The other comment was from gu@rdi@n104.

gu@rdi@n104: Bold move, @ShyHand71. Maybe I can help. I’ll be waiting.

The timestamp was three minutes after she’d opened the topic. “Yeah, you’ve been waiting all damn day, haven’t—”

A private message popped up in the corner of her screen, and she snorted.

gu@rdi@n104: Took you long enough. With a new topic like that, I thought you’d be hovering over your laptop, waiting for someone to send you something.

“He thinks I do any of this on a laptop. Cute.”

Cheyenne rolled her chair closer to the desk and typed a response.

ShyHand71: I thought I told you I had a life and stuff.

gu@rdi@n104: Oh, that’s right. Asking about an orc named Durg doesn’t have anything to do with your life.
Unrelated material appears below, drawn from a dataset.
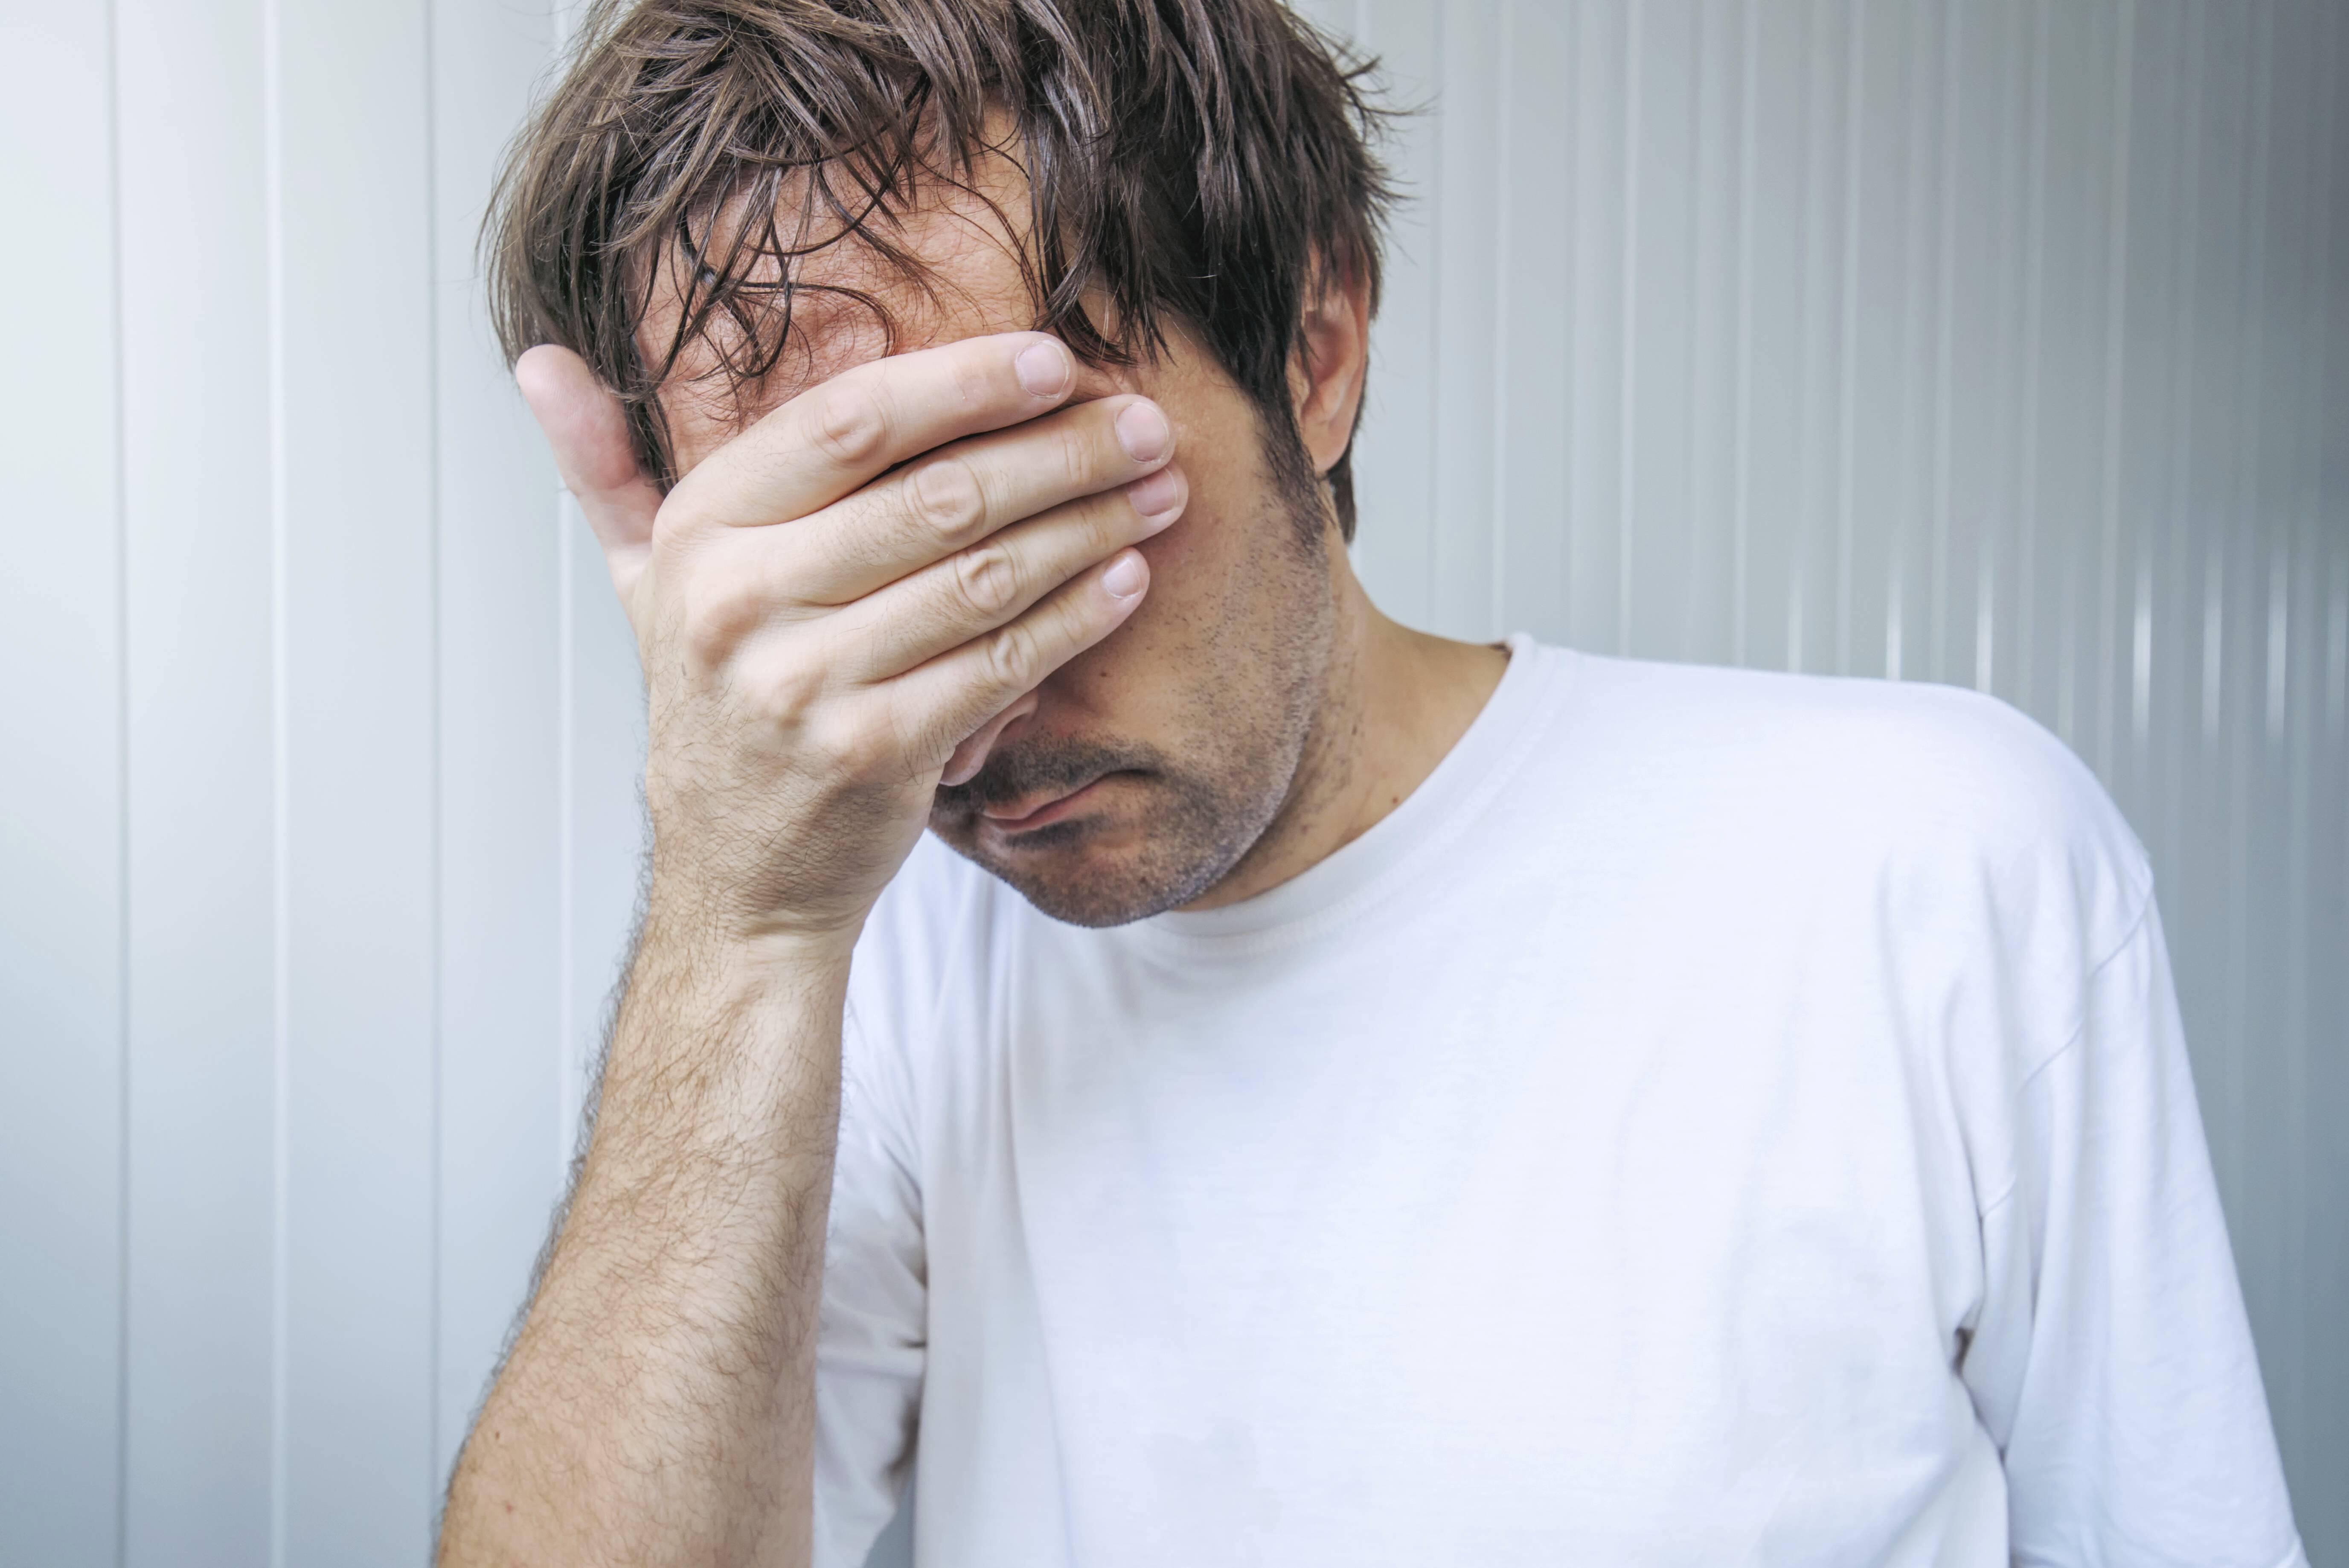 Bild zu Depression, Stress, Krankheit

ShyHand71: Very funny. I appreciate the interest and you trying to hold my hand, but I’m not new to forums. Don’t need any special treatment, either. If you have information for me, let’s talk. Otherwise, maybe don’t scare other users away by commenting as an admin on my thread.

gu@rdi@n104: Ooh. She gets serious. Okay. I have information.

ShyHand71: Let’s hear it.

gu@rdi@n104: Sure. After we talk about what you can give me in trade.

Cheyenne rolled her eyes. “It’s never about helping a magical out, is it? Somebody always needs something out of the deal.” Puffing out a sigh through loose lips, she typed another response.

ShyHand71: Ground rules: 1-no sexual favors. 2-no crime. 3-I’m not paying you.

gu@rdi@n104: Funny. Was that supposed to be insulting?

The halfling smirked. “At least he’s got a sense of humor about it still.”

ShyHand71: Then what did you have in mind?